* **Task goal**: Output all of the lines below exactly, and leave out each image.

* **Raw data**:

______

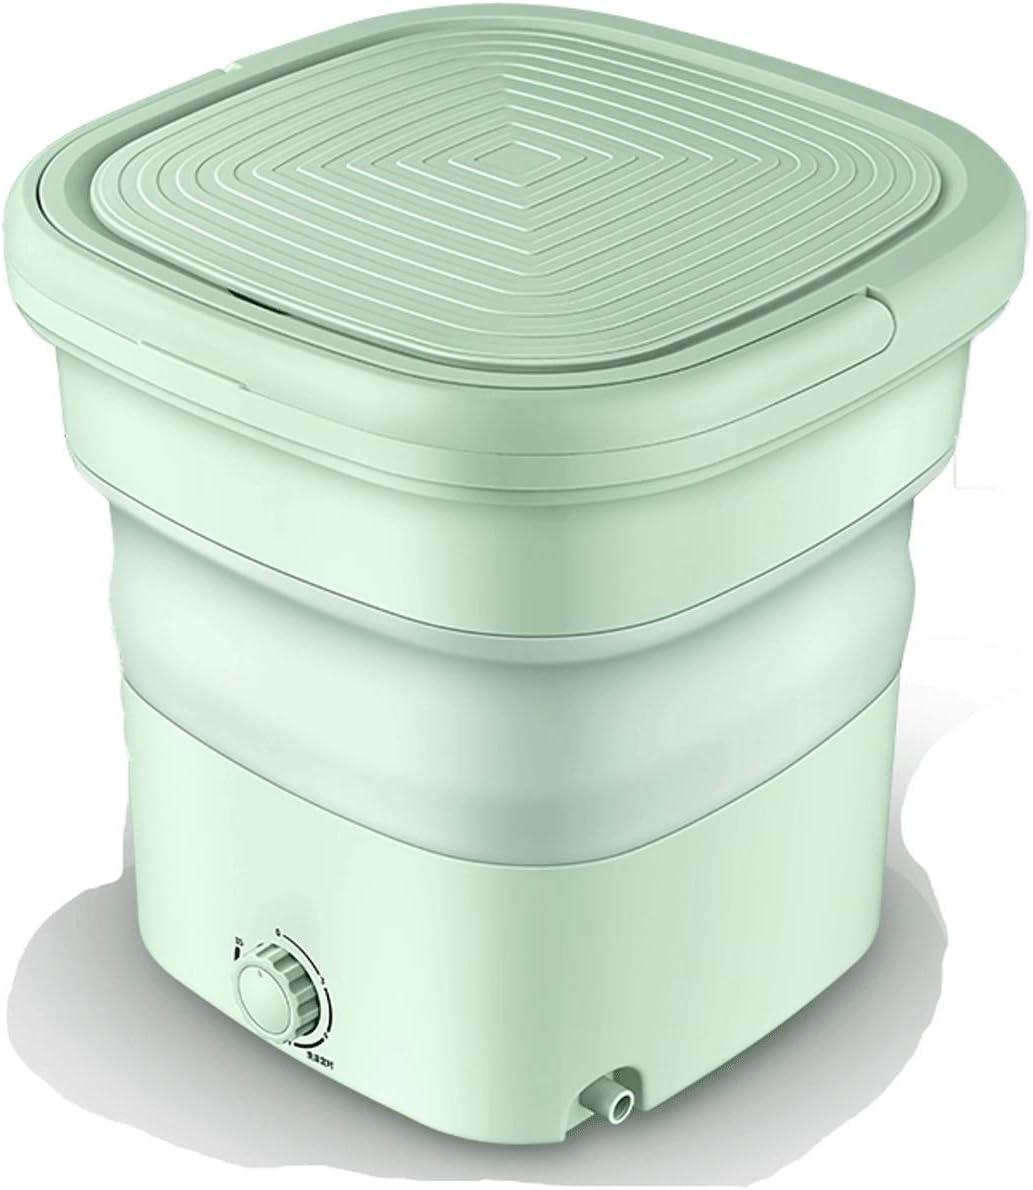 Mini Lavadora Lavadora portátil Esterilización de Ray Ray Mini lavadora MINT Folding lavadora para lavar ropa de bebé, dormitorio de apartamento, viajes, regalo para un amigo o familia Lavadoras Portá
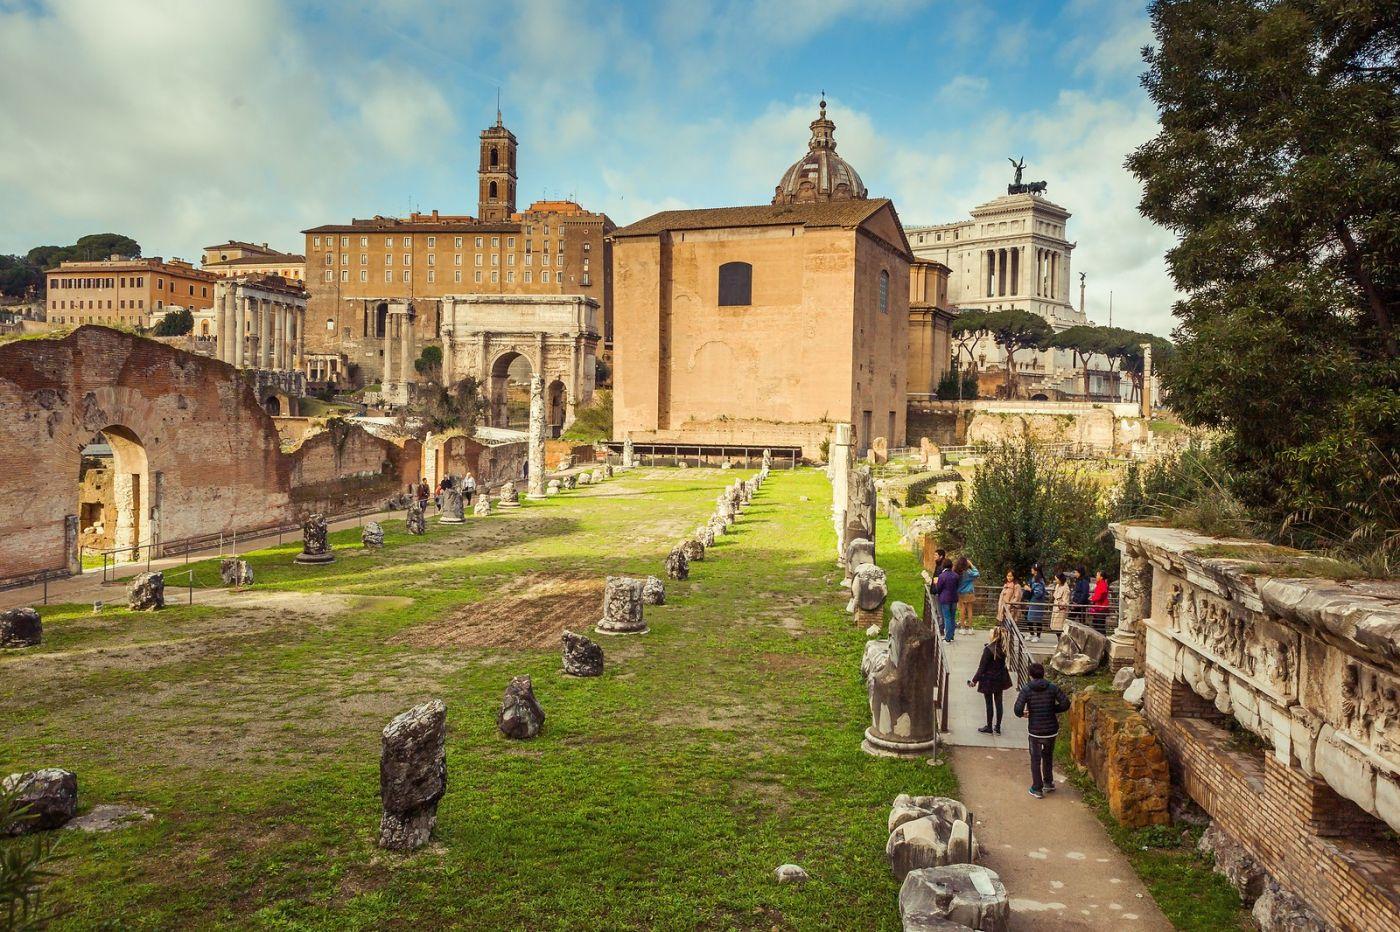 意大利罗马论坛,二千年的历史_图1-11
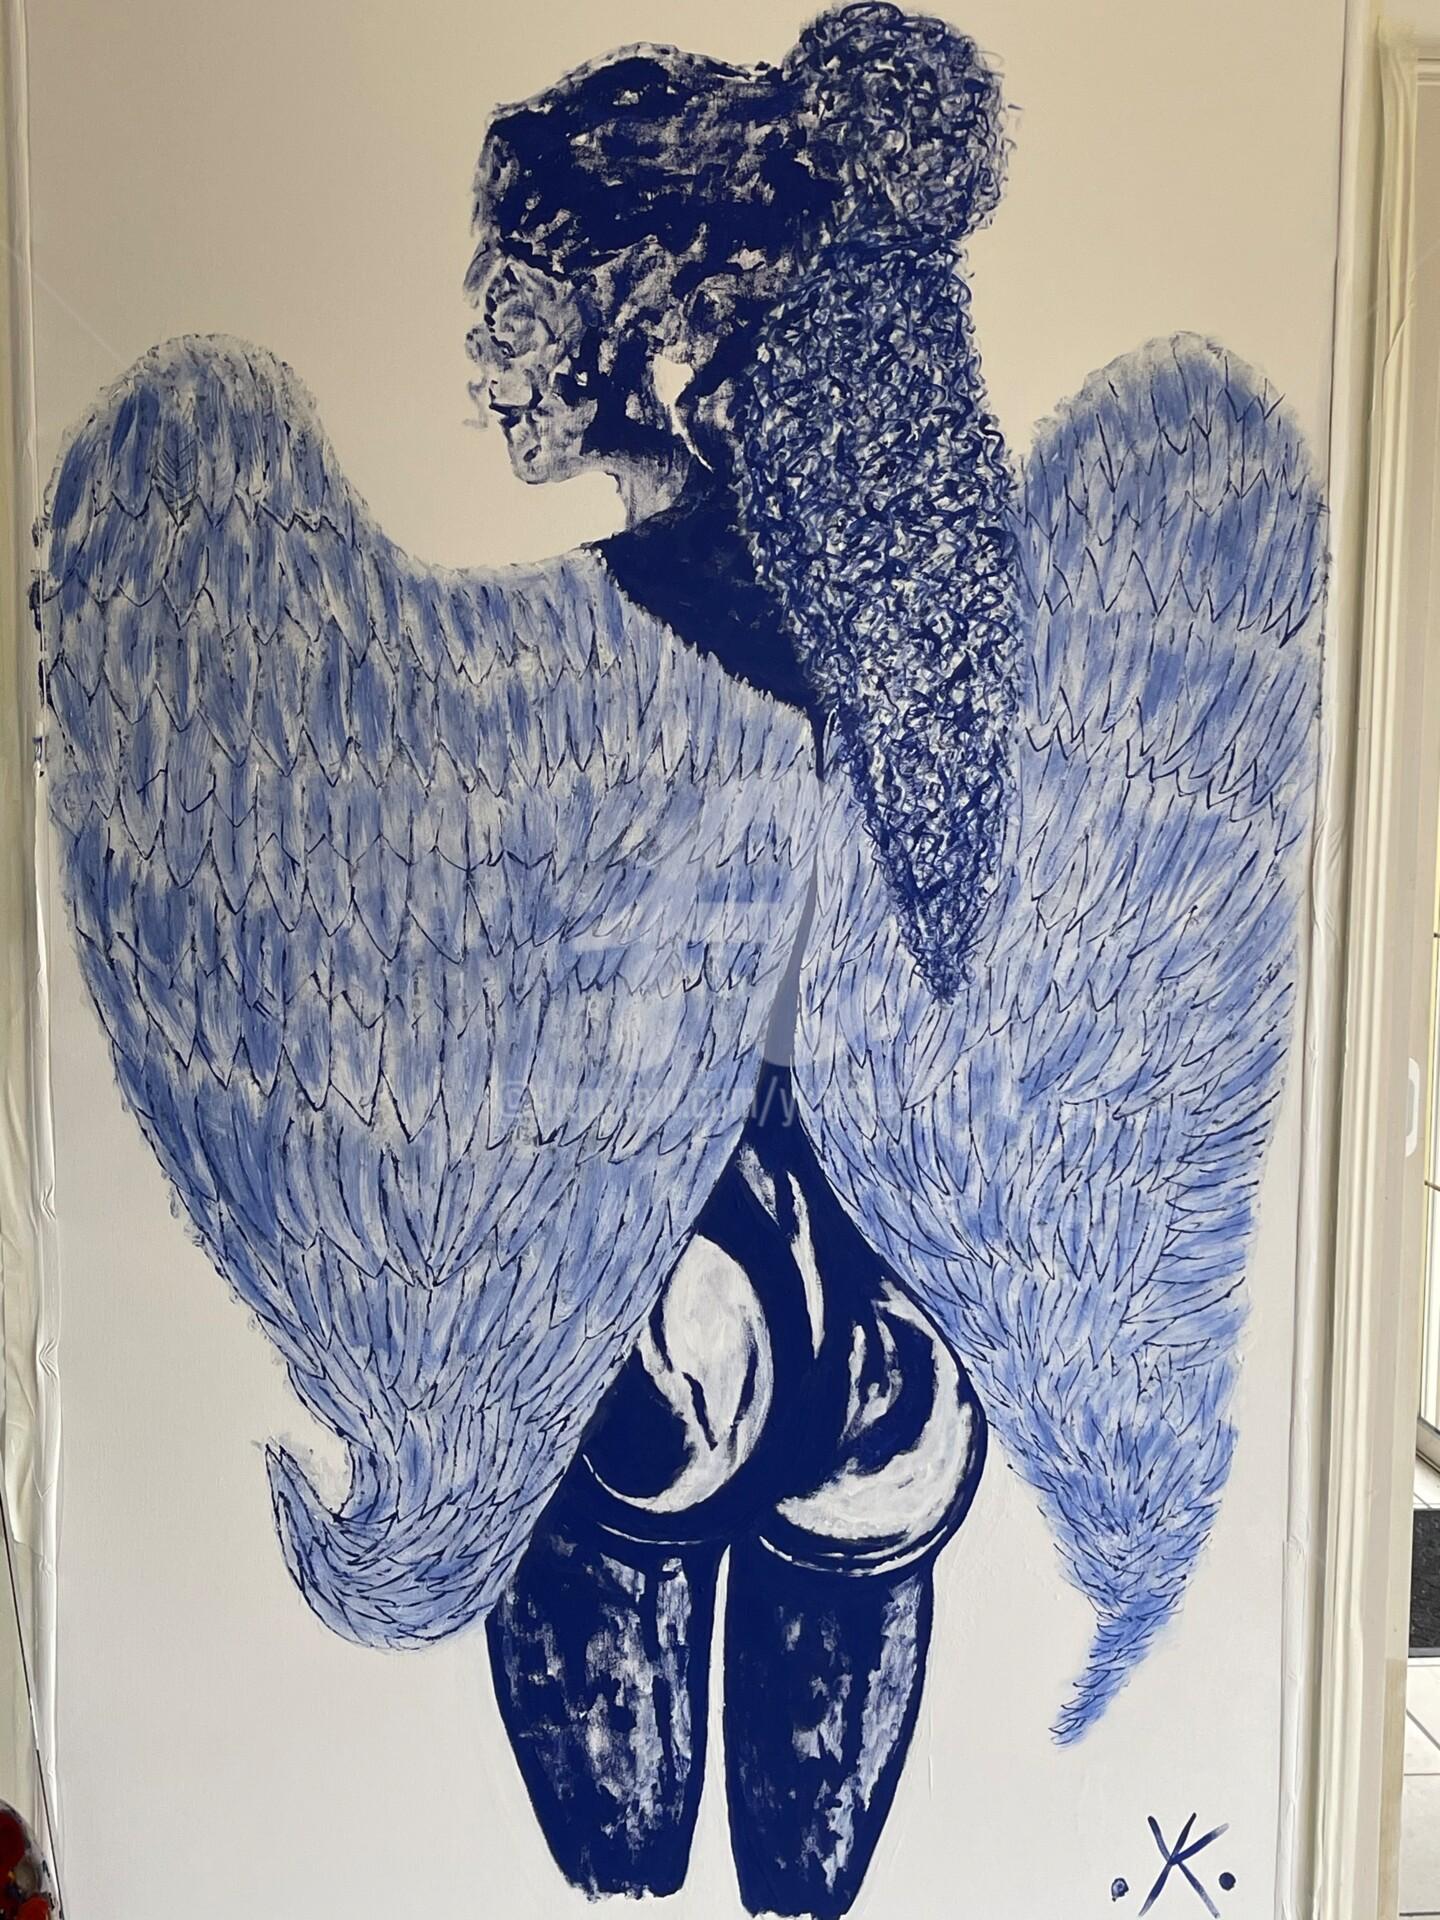 Yk - Blue angel
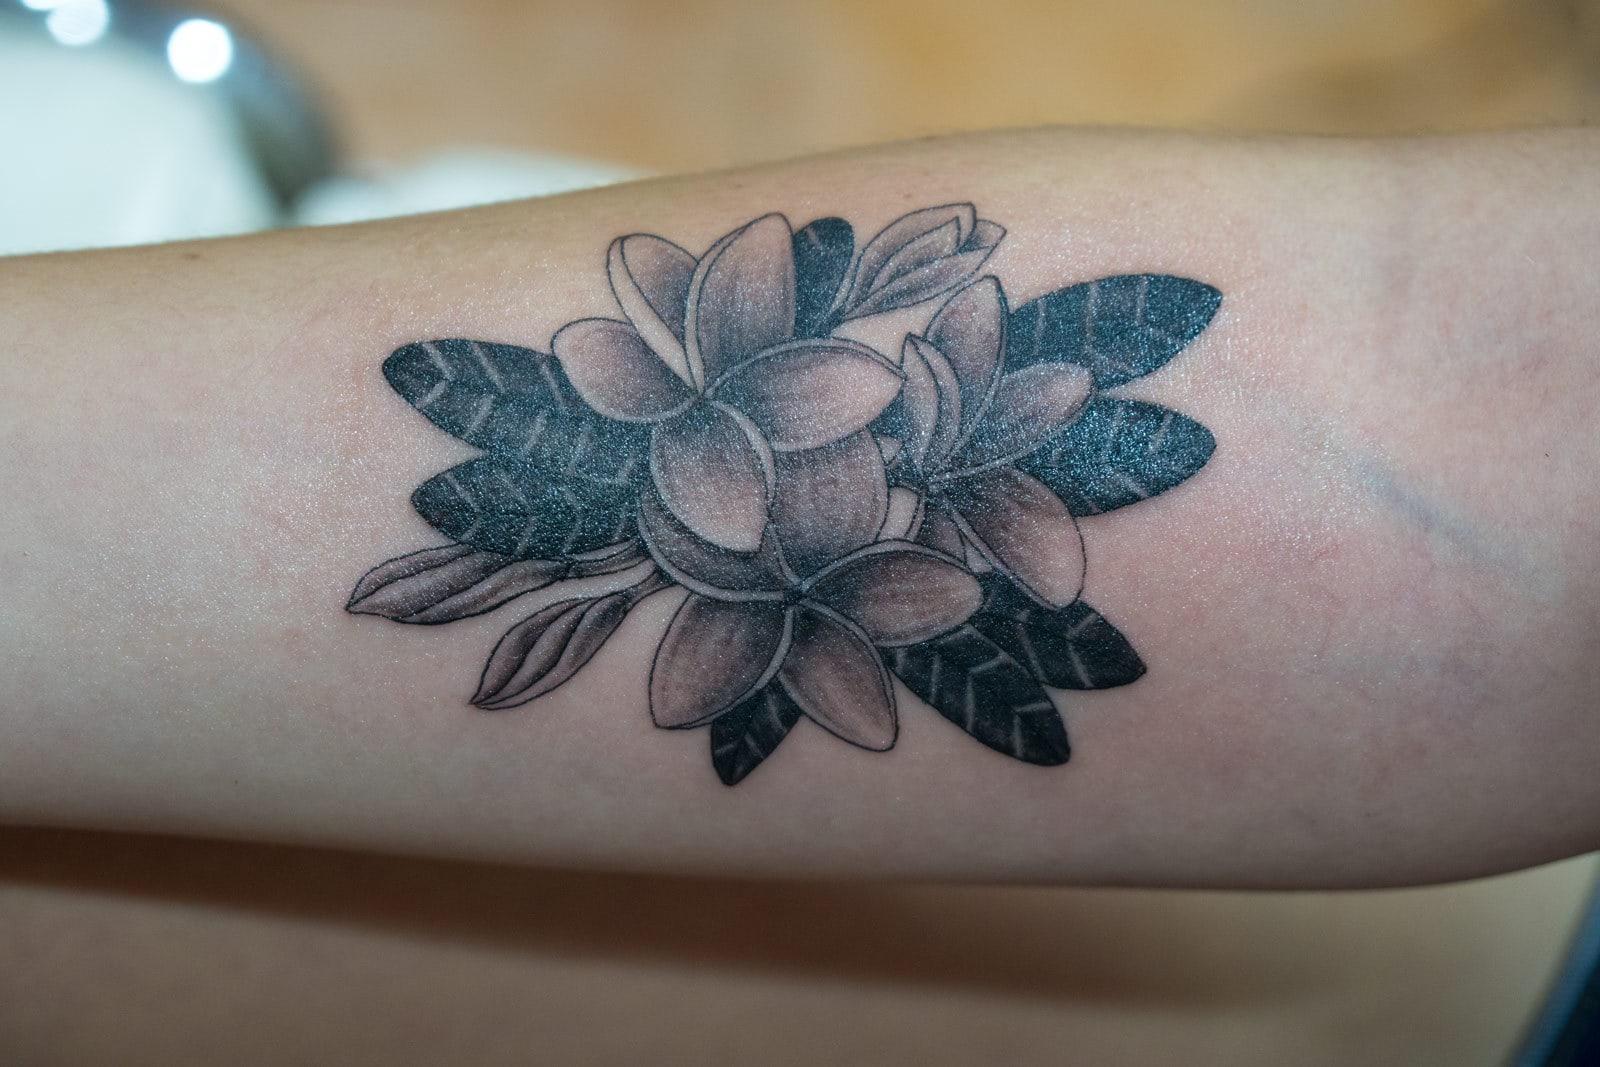 Fertiges Ergbenis der Tattoowierung mit Maschine

______

* **Solution to this task**:
 Mini Lavadora Lavadora portátil Esterilización de Ray Ray Mini lavadora MINT Folding lavadora para lavar ropa de bebé, dormitorio de apartamento, viajes, regalo para un amigo o familia Lavadoras Portá
 意大利罗马论坛,二千年的历史_图1-11
 Yk - Blue angel
 Fertiges Ergbenis der Tattoowierung mit Maschine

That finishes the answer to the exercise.